Location
- Harrow Way Andover, Hampshire, SP10 4LW England 51°13′00″N 1°30′04″W﻿ / ﻿51.2167°N 1.5012°W

Information
- Type: Community school
- Motto: Learning For Life, Success For All
- Religious affiliation: any
- Local authority: Hampshire
- Department for Education URN: 116431 Tables
- Ofsted: Reports
- Headteacher: Dawn German
- Gender: Coeducational
- Age: 11 to 16
- Enrolment: 1000~ as of September 2026^{[update]}
- Website: http://www.harrowway.hants.sch.uk/

= Harrow Way Community School =

Harrow Way Community School is a coeducational community secondary school. It is located on the Harrow Way in Andover, in the English county of Hampshire.
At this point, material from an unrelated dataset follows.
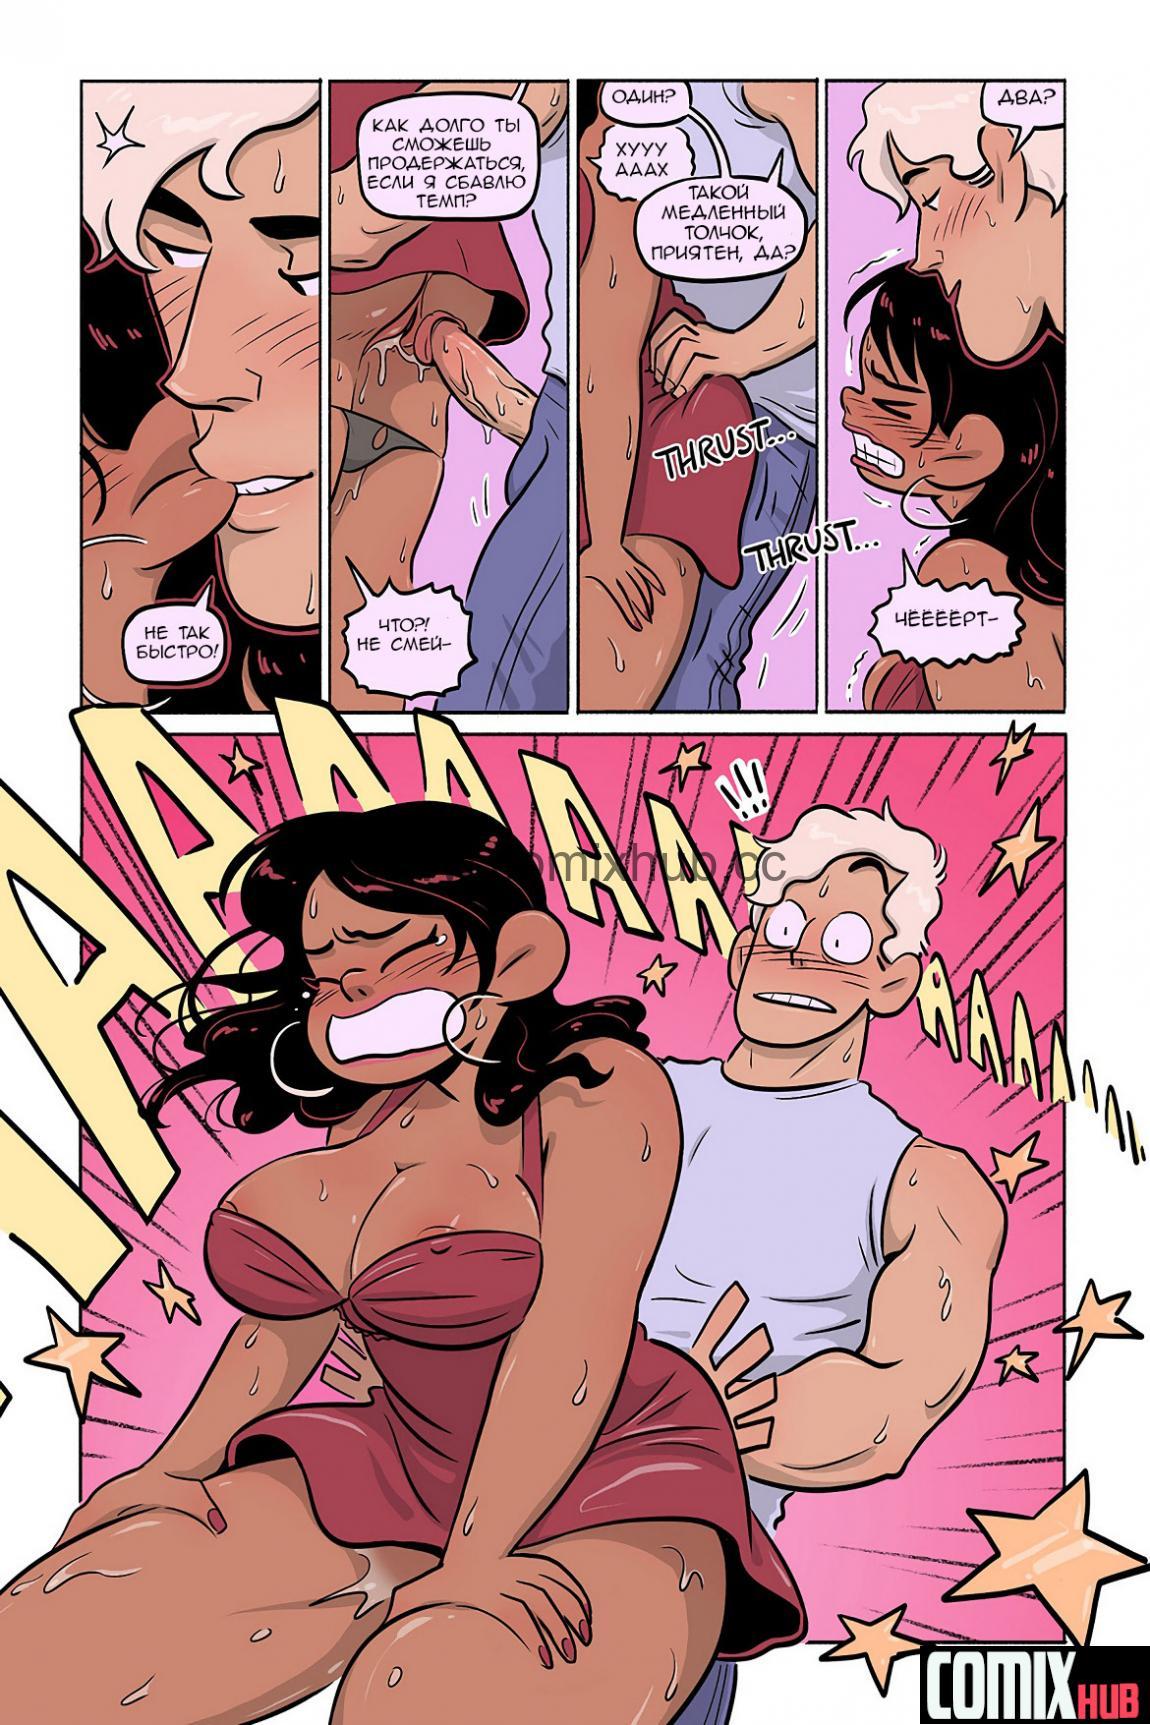 Порно комикс, без прикрытия Порно комиксы, Большая грудь, Большие члены

It is administered by Hampshire County Council which coordinates the school's admissions. Harrow Way has also gained specialist status as a Maths and Computing College. The school offers GCSEs, BTECs and other level 1 and 2 courses as programmes of study for pupils.

==History==
Harrow Way School was opened in September 1967.

Heads:
- 1967-88: Alan Garner
- 1988-2004: Chris Overton
- 2004-11: Charlie Currie
- 2011-12: Mark Warren, acting head
- 2012–2023: Michael Serridge
- 2023–Present: Dawn German

==Ofsted judgements==
The school was visited by Ofsted in 1995, 2000, 2002, 2007, 2013, 2017 and 2022.

As of 2026, the school's most recent judgement was Good, in 2022.